Оскар улыбнулся, с трудом сдержав смешок.

— Марти, ты, должно быть, спятил.

— Неужели? Неужели я спятил, мой дорогой Оскар? Я ведь ставил под сомнение научные принципы, тогда как ты попирал принципы моральные.

— Что? — Оскар нахмурился.

— Ты, наверное, пытался найти ампулу с биркой ЭРВ-74.

— Откуда ты…

— Потому что я украл эту ампулу, пока знакомился с твоей лабораторией. И скопировал некоторые из твоих записей. Чего ты так задергался? Ты же среди друзей, Оскар. Расскажи нам о ЭРВ-74. Расскажи сам, или расскажу я.

Несколько секунд Оскар напоминал карпа, вытащенного из воды.

— ЭРВ-74 расшифровывается как экспериментальный риновирус, мутация 74. Оскар проводит кое-какие исследования по заказу правительства. В том числе изучает и этот вирус. Расскажи нам, Оскар, что в нем особенного.

— Ампула у тебя?

— Уже нет.

— Идиот! Этот вирус смертельно опасен! Я хотел уничтожить его, но ампула исчезла. Он же никому не нужен.

— Как он действует, Оскар?

— У него слишком долгий инкубационный период — триста тридцать дней. Для военных целей он не годится. По истечении этого срока для зараженных смерть наступает в девяносто восьми случаях из ста. Он передается как контактным, так и воздушно-капельным путем. — Оскар поднялся. — Я должен доложить об этом, Марти.

— Сядь. — Марти вытащил из кармана разбитую ампулу с маленькой наклейкой. Протянул ее Оскару. Тот побледнел как полотно. — Вот мое доказательство. Тебе уже не удастся остановить эксперимент.

— Это она? — спросил Паркс.

— Ампула — да, — ответил Оскар.

— Так что же ты сделал? — спросил я Мартина.

Остальные радикалы словно впали в ступор.
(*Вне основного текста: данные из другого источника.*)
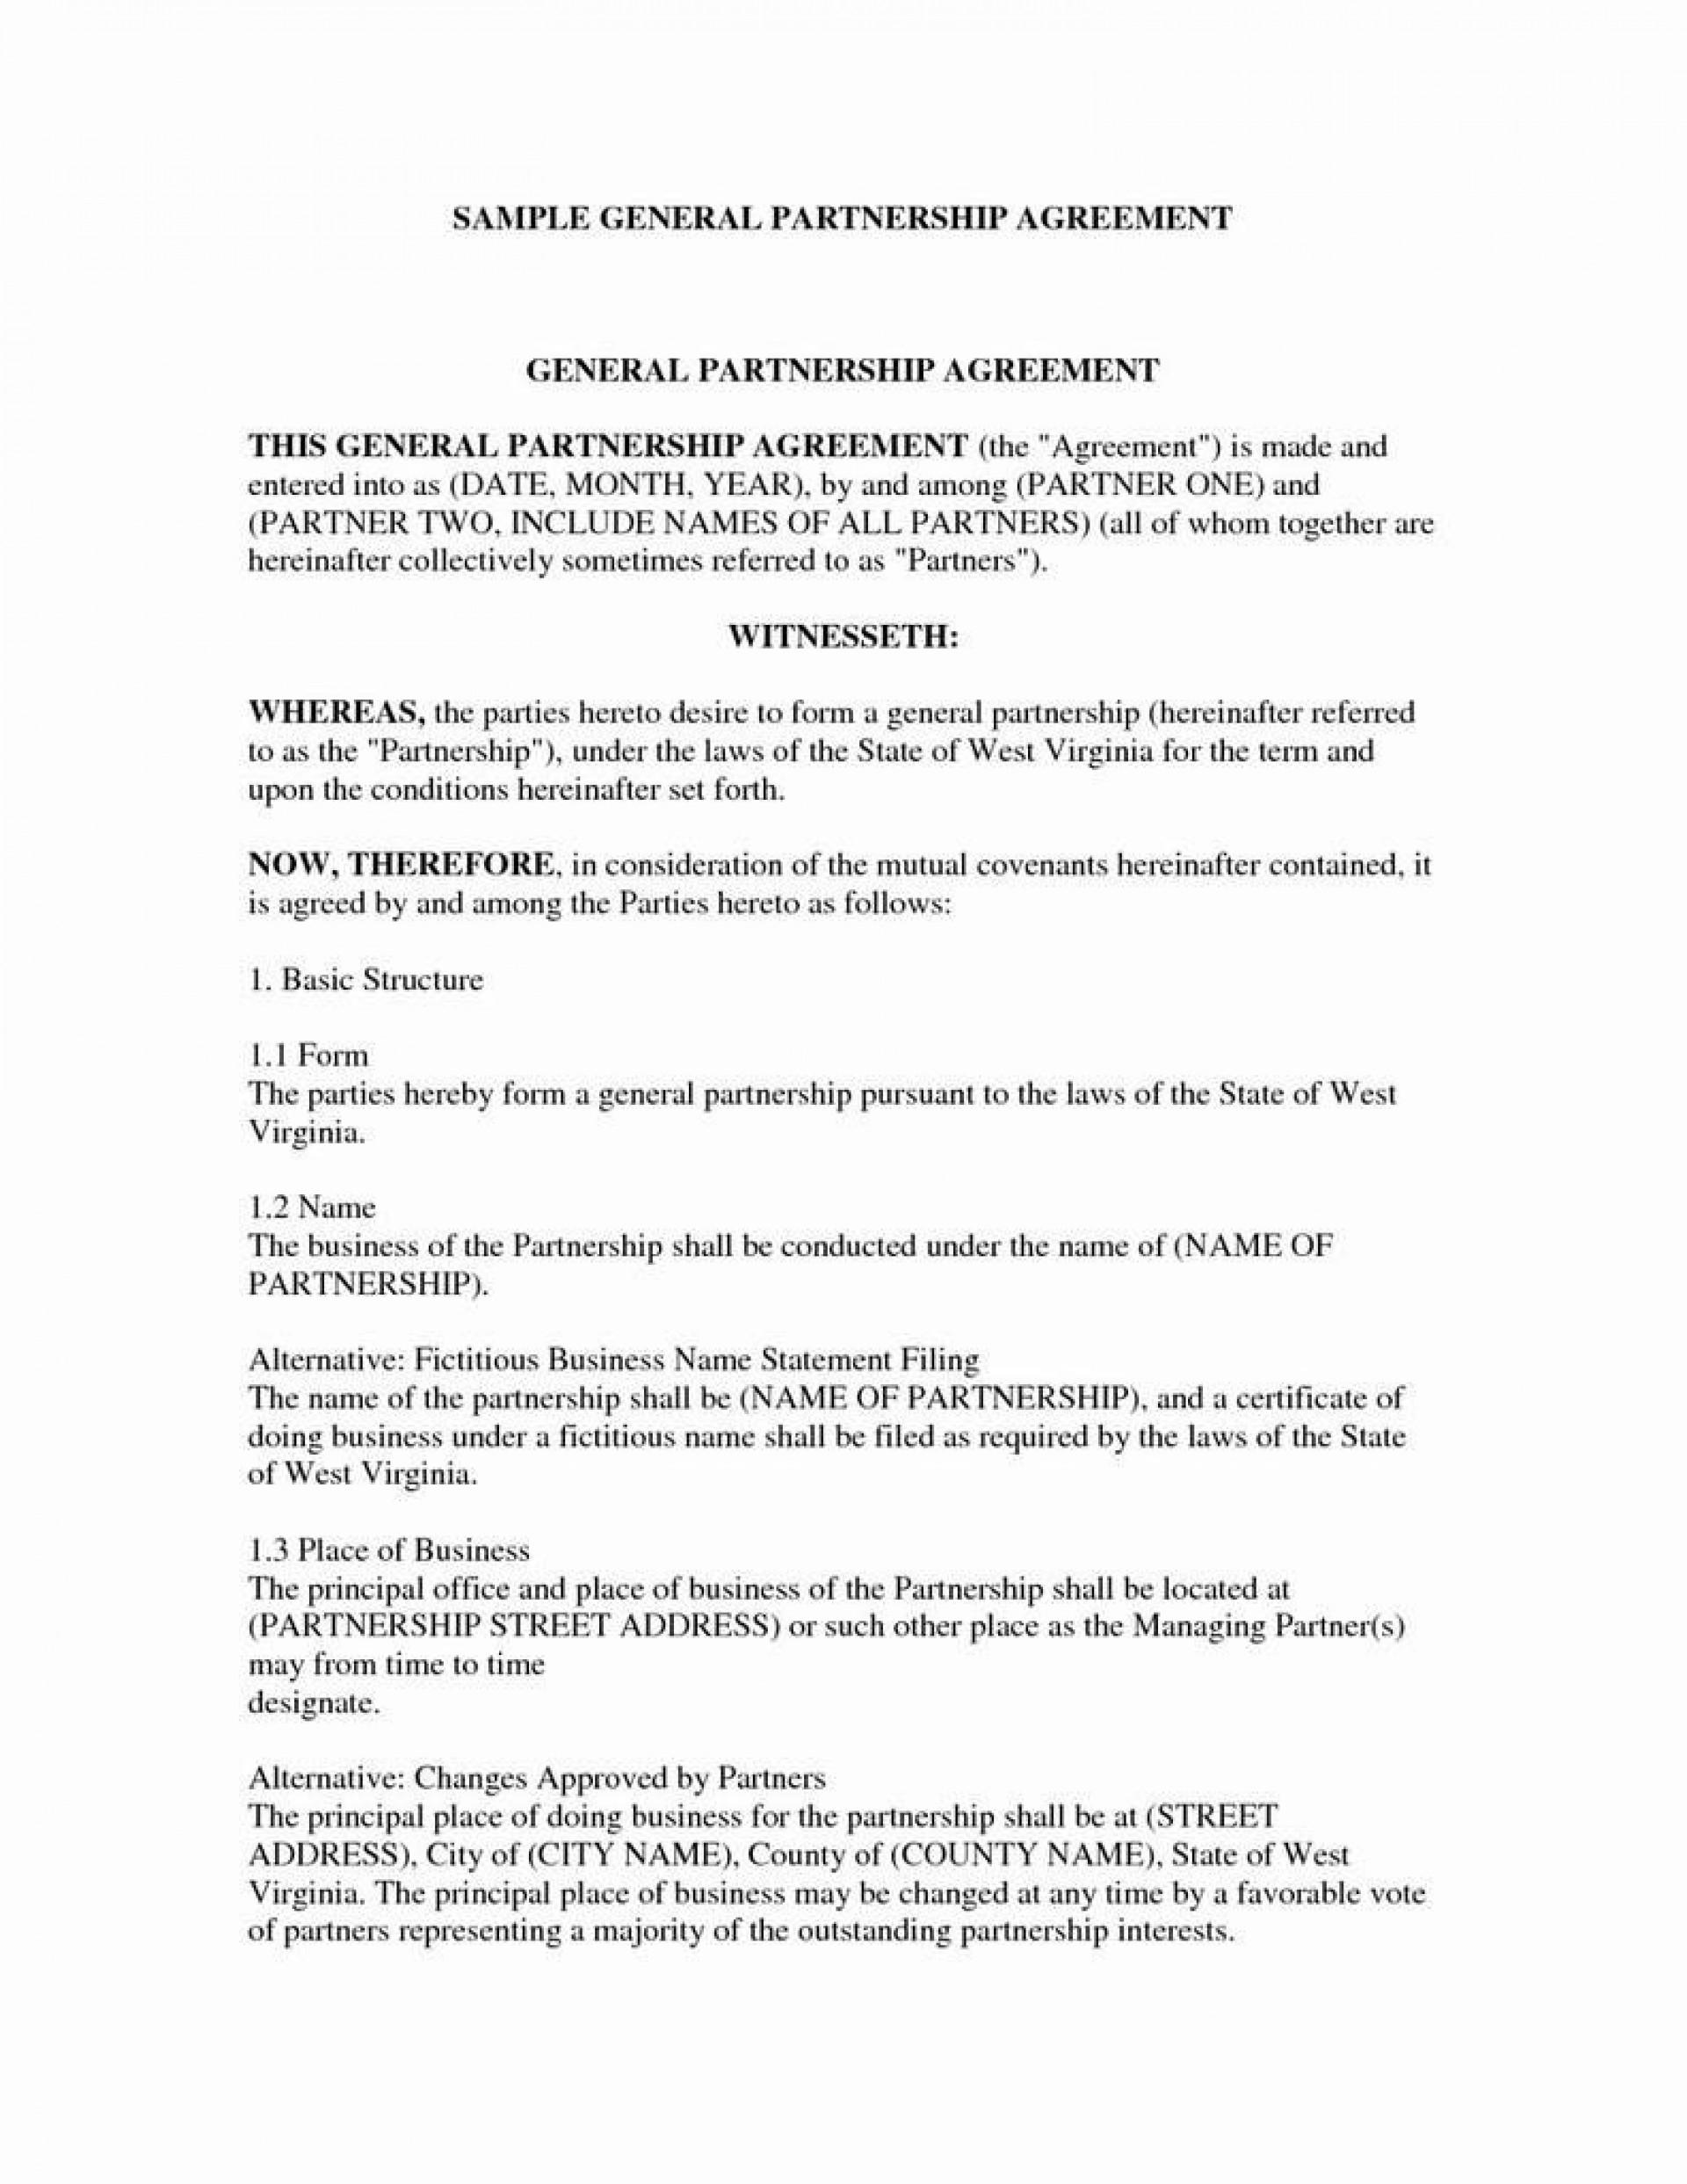 003 Beautiful General Partnership Agreement Template Texa Idea  Texas1920

— Я изготовил устройство, регистрирующее квантовые события, в нашем случае распад крупицы радиоактивного америция. На короткий период времени я установил прибор, по принципу действия аналогичный счетчику Гейгера, так, чтобы он мог зафиксировать факт распада ядра. В тот момент вероятность распада составляла пятьдесят процентов. Если ядро распадалось, счетчик Гейгера срабатывал. А срабатывание счетчика приводило к вскрытию ампулы, после чего вирус попадал в герметически закрытое помещение. Я вошел туда сразу же, а точно через час пригласил туда вас пятерых. После этого уничтожил прибор и простерилизовал все помещение, в том числе и ампулу. Если вирус не попал в помещение, он уничтожен вместе с экспериментальной установкой. Если попал — мы все заражены.

— Так он попал? — спросил Фош.

— Я не знаю. Определить невозможно… пока.

— Оскар, — подал голос я, — Марти проделал все это месяц тому назад. Мы все люди достаточно известные, читаем лекции, участвуем в совещаниях, много путешествуем. Скольких людей мы могли инфицировать… потенциально?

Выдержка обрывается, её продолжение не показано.